The purpose of this entry is to provide a more easily accessible version of the data in [2] ready to be used for AI applications. The size of the dataset has been greatly reduced, and put into a format allowing the access of the phase space density at each individual depth in the phantom for both protons and neutrons and in the form of discretized histograms.
A concise description of the simulation setup is provided in [2] please refer to the paper for detailed discussion, description, analysis, and further results derived from this dataset.
General information
The phase space density data is divided into discretized histograms as defined in the related paper. This follows the approximation within said paper where only 4 dimensions are kept, related to the depth, radial distance (R), energy (E) and azimuthal divergence (θ) of the particles. The depth dimension is considered as a pseudo-time dimension, meaning that time is not provided within the data. In order to simulate examples of different beams propagatng through different materials, a total of 47 phantoms have been simulated, each with a unique starting energy. Phantoms have been divided into slabs along the depth dimension which are assumed to be of homogeneous material along the dimensions perpendicular to the beam axis, but are composed of different materials among them. The proton density is provided as the Monte Carlo simulated protons appropriately binned into the defined discretizations whenever one of the surfaces of each slab is crossed. When it comes to the neutron phase space density, this is instead provided as the angle, energy and radius distributions of secondary neutrons produced within each slab. Both densities are to be considered as integrated with respect to time. For each slab, also the energy deposited by the proton is provided, coming as an energy deposition probability distribution along E and R. Moreover, each of the 47 phantoms has been irradiated according to three different sets of treatment head paramenter, leading to the creation of three dataset: ES8, ES9 and NES8. For the sake of reproducibility, weights for each of the models discussed in [2] are also provided.
Parametrization
The densities are observed through discretizations as identified in the paper. Within this work, the resolution along the beam depth is fixed to 0.5mm, the energy resolution is set to 1 and 2 MeV for the proton and neutron fluences respectively, while the radial distance and angle is handled differently among the two particles. For protons these are discretized in logarithmically spaced bins, with the first bin also comprising 0, and ranging up to 95.9 mm and 58.76 ° respectively. Instead, for neutrons both dimensions are uniformly discretized, ranging from 0 up to 60 mm and 180 ° respectively. The R, E and θ dimensions are divided into 30x250x30 bins within the proton data, and into 30x125x30 in the case of the neutrons, which are provided at each discretized depth. Data about energy deposition follows the same radial binning as in the case of the proton density, but the energy binning is instead logarithmic ranging from 1.0e-3 up to 97.7 MeV.

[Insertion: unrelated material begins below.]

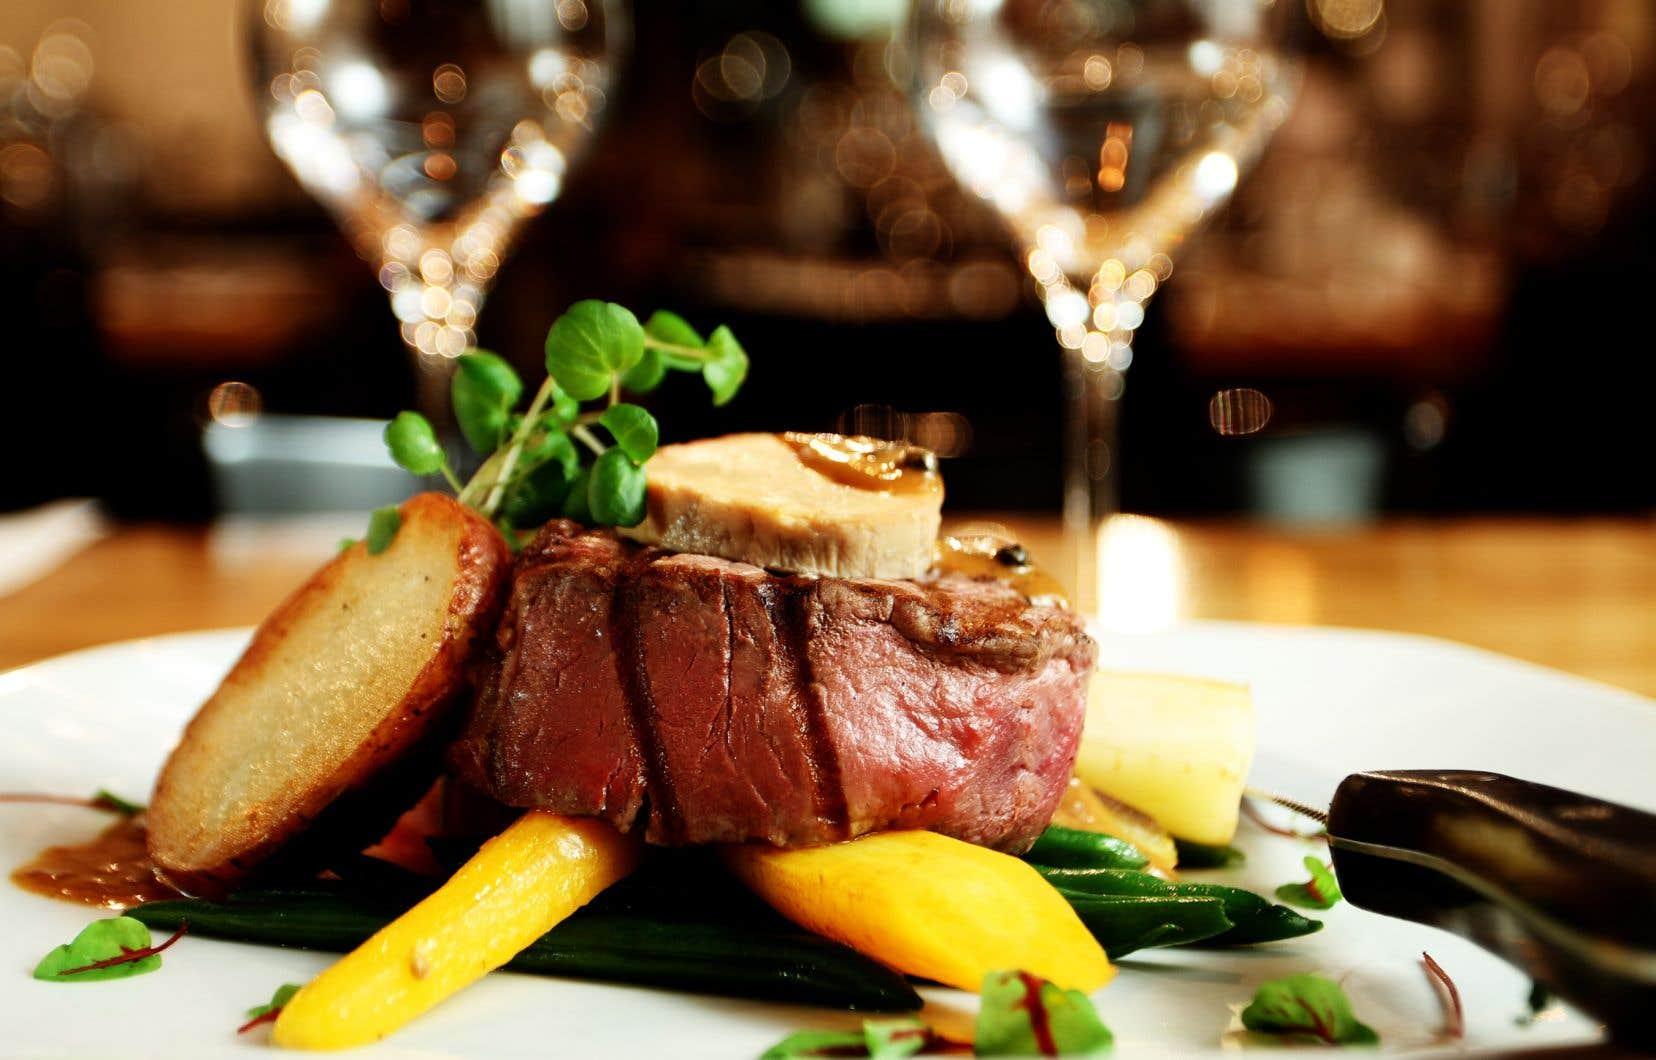 Une trentaine de nouveaux restaurants se sont joints à l'aventure depuis le début du mois de septembre, dont le bistro Bagatelle.
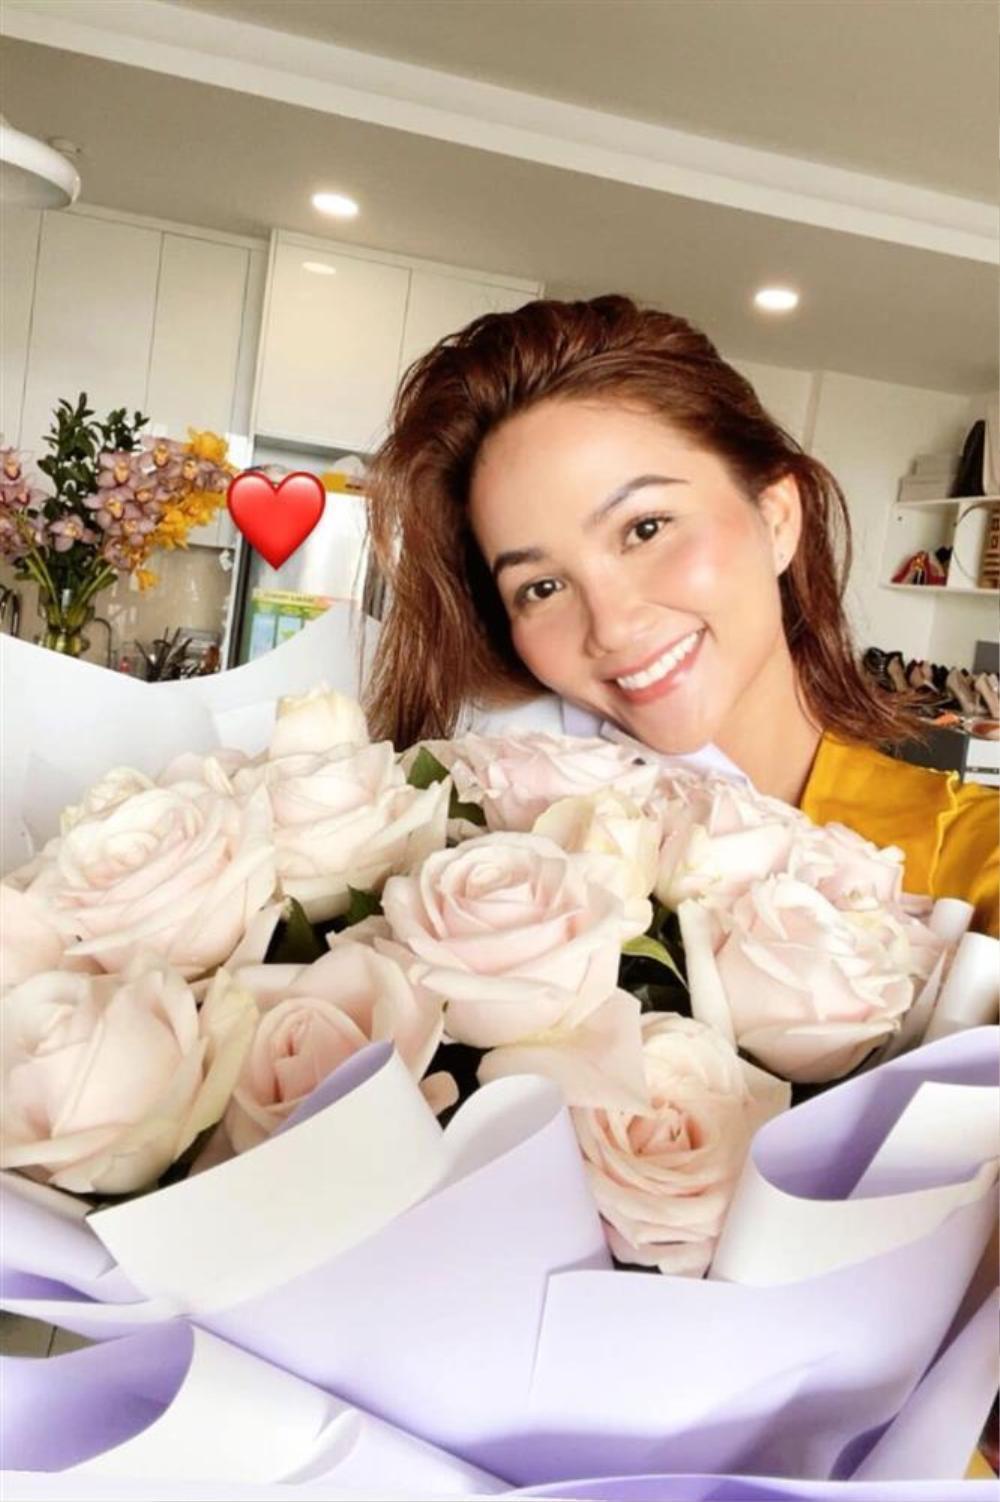 H'Hen Niê nhận hoa Valentine, Lệ Hằng - Mâu Thủy chúc mừng hạnh phúc, fan nghi ngờ đã có người yêu? Ảnh 7

As already mentioned, the ES8, ES9 and NES8 datasets differ in terms of the treatment head parameters. More details about the specifics of each dataset can be found in [1]. As ES8 and ES9 share the same treatment head parameters with the exception of the intensity, the proton density is not provided for the ES9 dataset to limit storage size.
Model weights for each surrogate trained on each of the provided datasets (called MES8, MES9 and MNES8) are also provided, abiding to the surrogate structure defined in [2]. In particular, each surrogate is composed of a proton and neutron model for both density and intensity prediction. Models can be used as detailed in the GitHub repository [3] related to [2].
File description
Both the aforementioned density discretizations are named internally as "phits_logfull" and "hn_phits" for the proton and neutrons respectively, with the energy deposition one following the same convention as the protons. All files contained within this datasets are therefore named according to the discretizations as either "phits_logfull_cube_protons_\<depth in millimeters\>_data.nc", "phits_logfull_cube_dose_\<depth in millimeters\>_data.nc" or "hn_phits_cube_neutrons_\<depth in millimeters\>_data.nc". Each nc file contains an `xarray` variables, containing the MC-approximated histogram, details of the discretization, as well as important parameters such as the CT number of the considered slab, its density and the material's ID within the PHITS environment.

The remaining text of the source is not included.